The standard answer: “of course! That would be SO COOL!!”

At least that was my off-the-cuff answer. I also thought if I found out my parents were secret agents like The Americans when I was 15 I’d be 100% on board, immediately asking to be taught how to pick locks and kick ass.

My family, however, was not a group of secret agents, and put in some real thought on this one.

Why Would You Want to Live Forever?

So…what would you do if you lived forever? Would it be only you, or would your friends and family live on too? What if something went wrong in the computer and you were stuck in and endless cyber-hell?

Good questions Mom and Dad. Let’s put some rules on this puppy.

  1. Your family and friends could choose to be uploaded as well.
  2. The worst case scenario is you’re simply interacting with the world through a computer.
  3. The consciousness and experience really is you, not some mirrored version you don’t know about.

That leaves us with what you would do. What is your purpose? If you can’t use any of your senses (“at least to start” I reminded them), aren’t you missing out on a large part of what life is? Further, what agency do you have to do anything if time is no longer a human constraint?
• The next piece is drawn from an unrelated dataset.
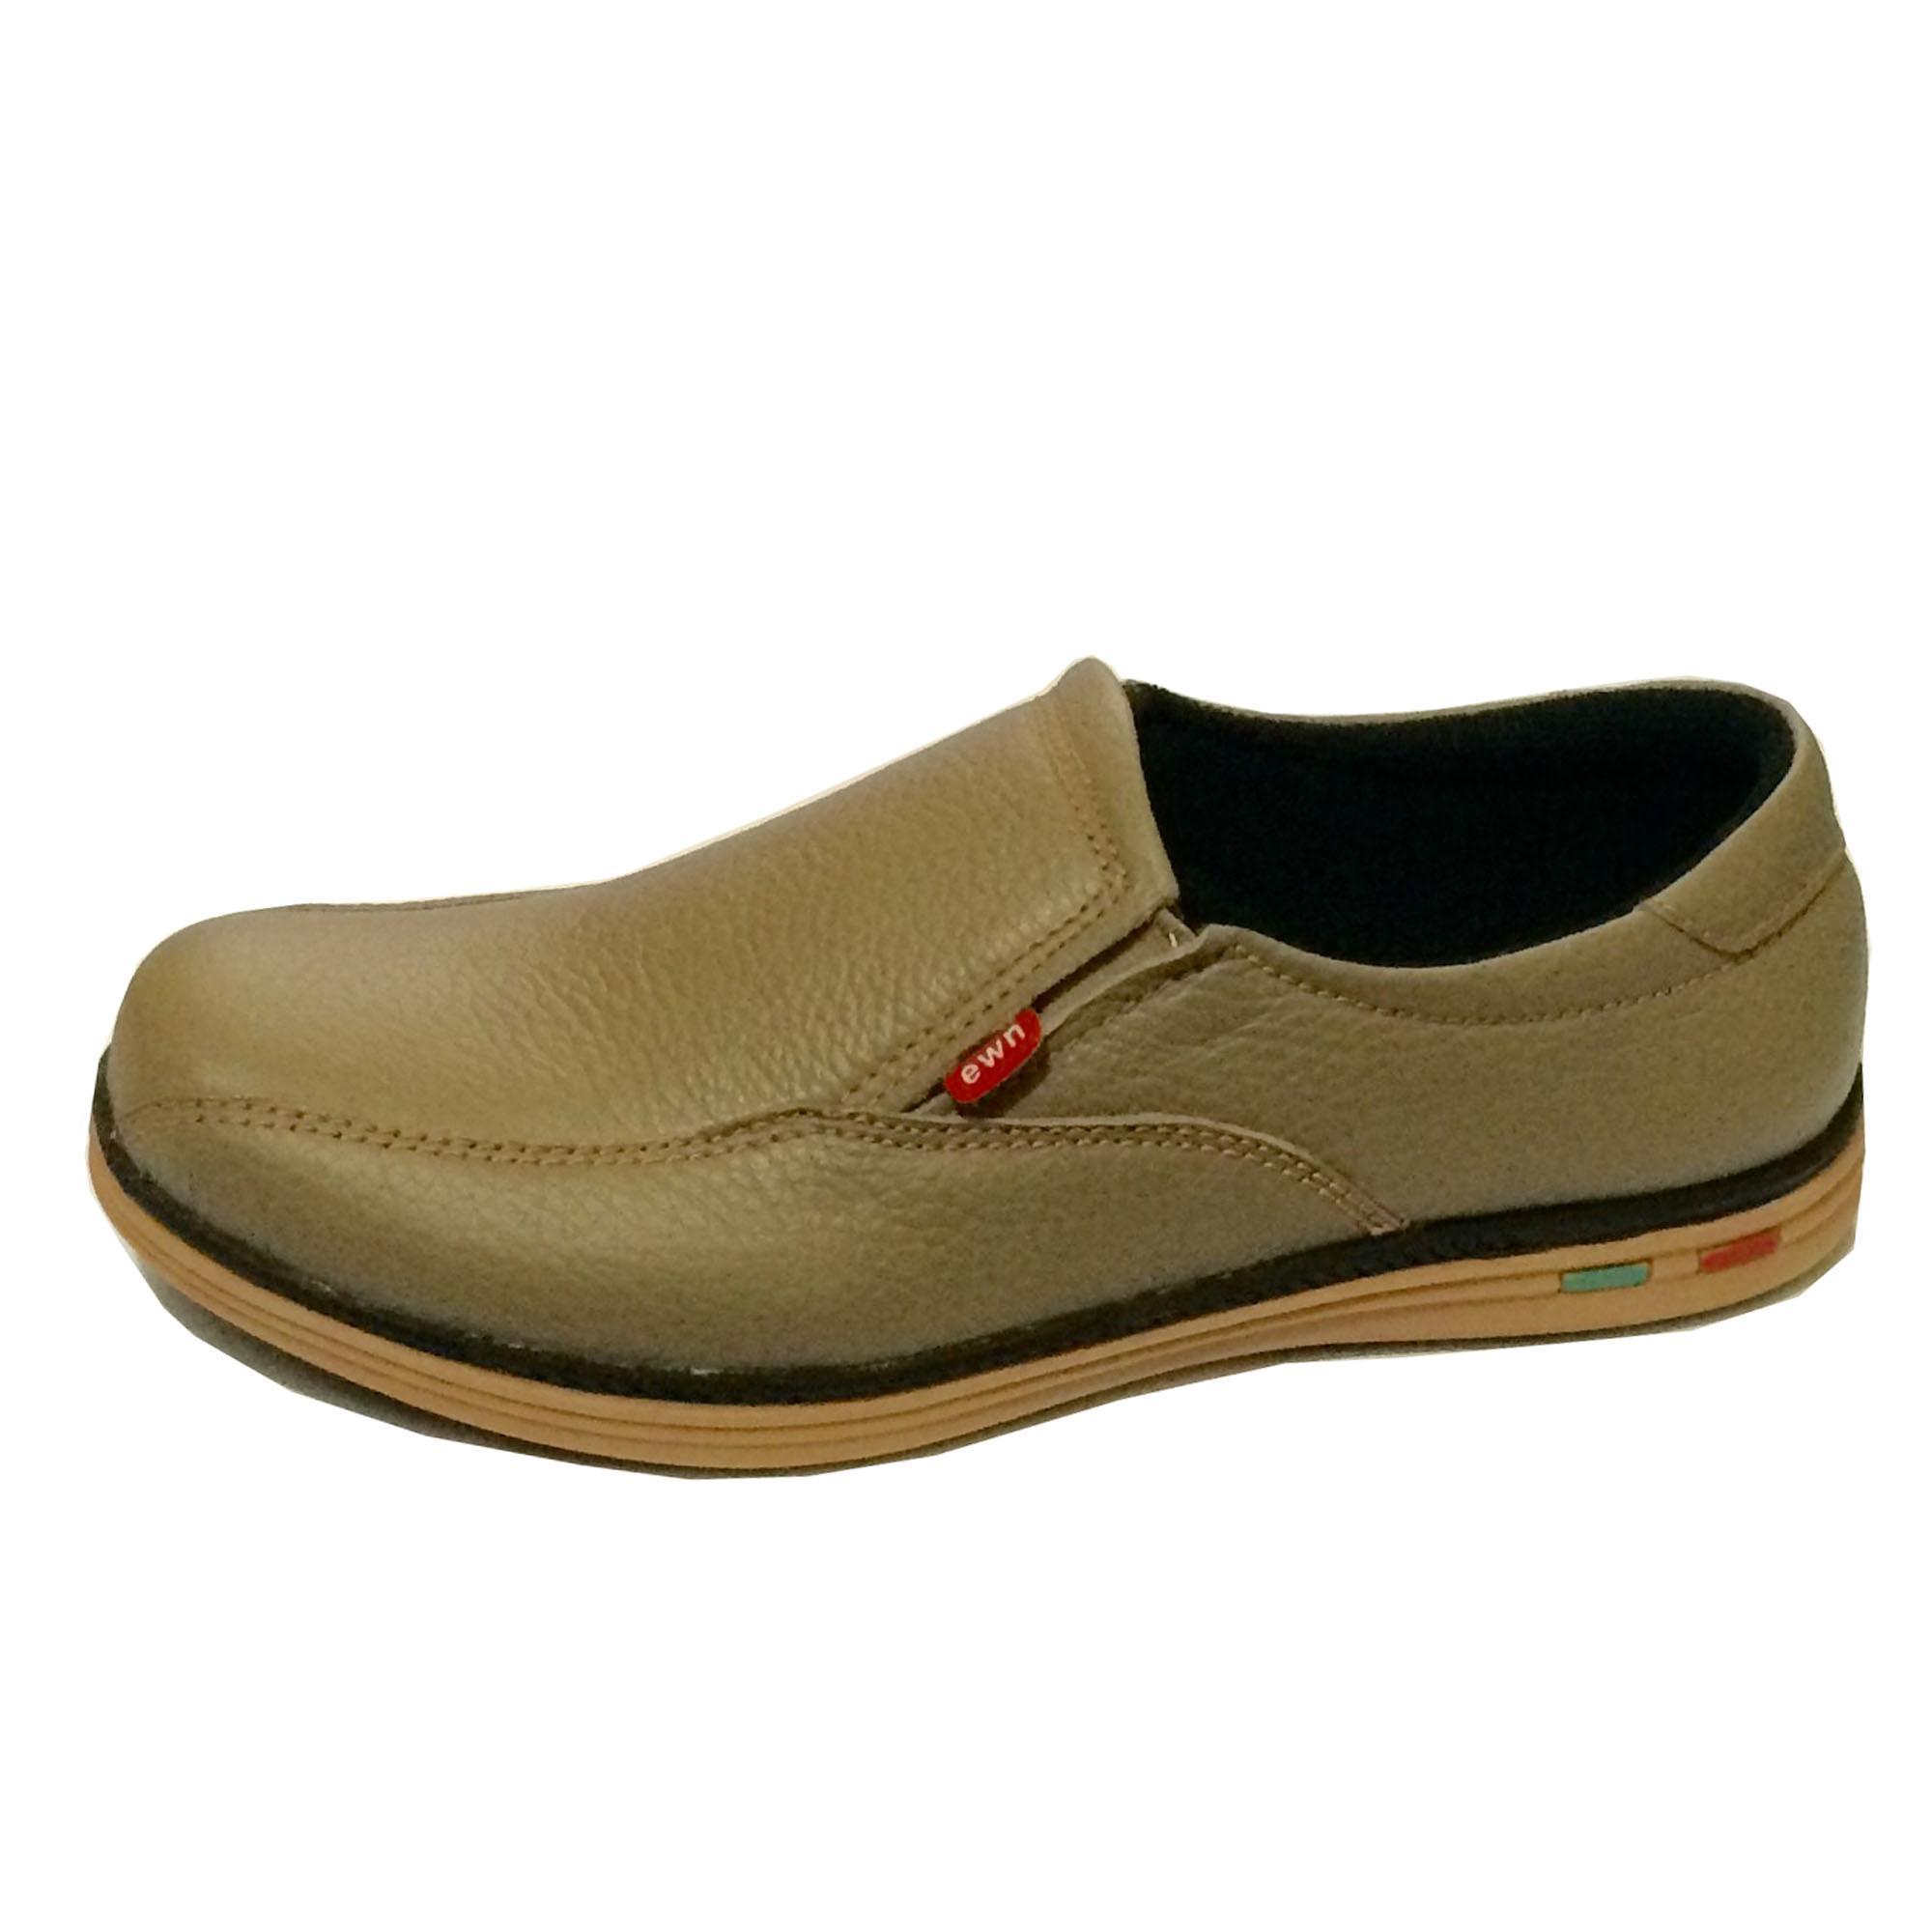 JUALAN DISKON Sepatu Casual Pria Ardiles Kasai Abu Tua Oranye ~ Jual ... c3403ce629

“If you’re just living for yourself, that’s kind of selfish”

That’s my Mom. Smart woman. More and more, the 5 other family members began opting towards not living forever — especially if their significant other didn’t opt in.

But I was unconvinced.

All the Possibilities

“But my god, think of the resumes people would accumulate!”

You could spend years becoming everything you wanted. A world-class physicist examining space and time (and black holes!). A doctor. You could literally read every book in the world.

All that knowledge stored in one place, or multiple places if stored consciousness became a thing — surely we could pull together to solve some of the world’s biggest problems!

But then again — procrastination would surely soar to new, amazing heights.

What Is It Good For?

Perhaps the deepest and most important considerations are what we believe life is meant to be.

Life, by definition, requires death. In a religious sense, it could be argued that God didn’t put us on earth to live forever (although I’d counter that in this thought experiment, God didn’t do a very good job of making that impossible).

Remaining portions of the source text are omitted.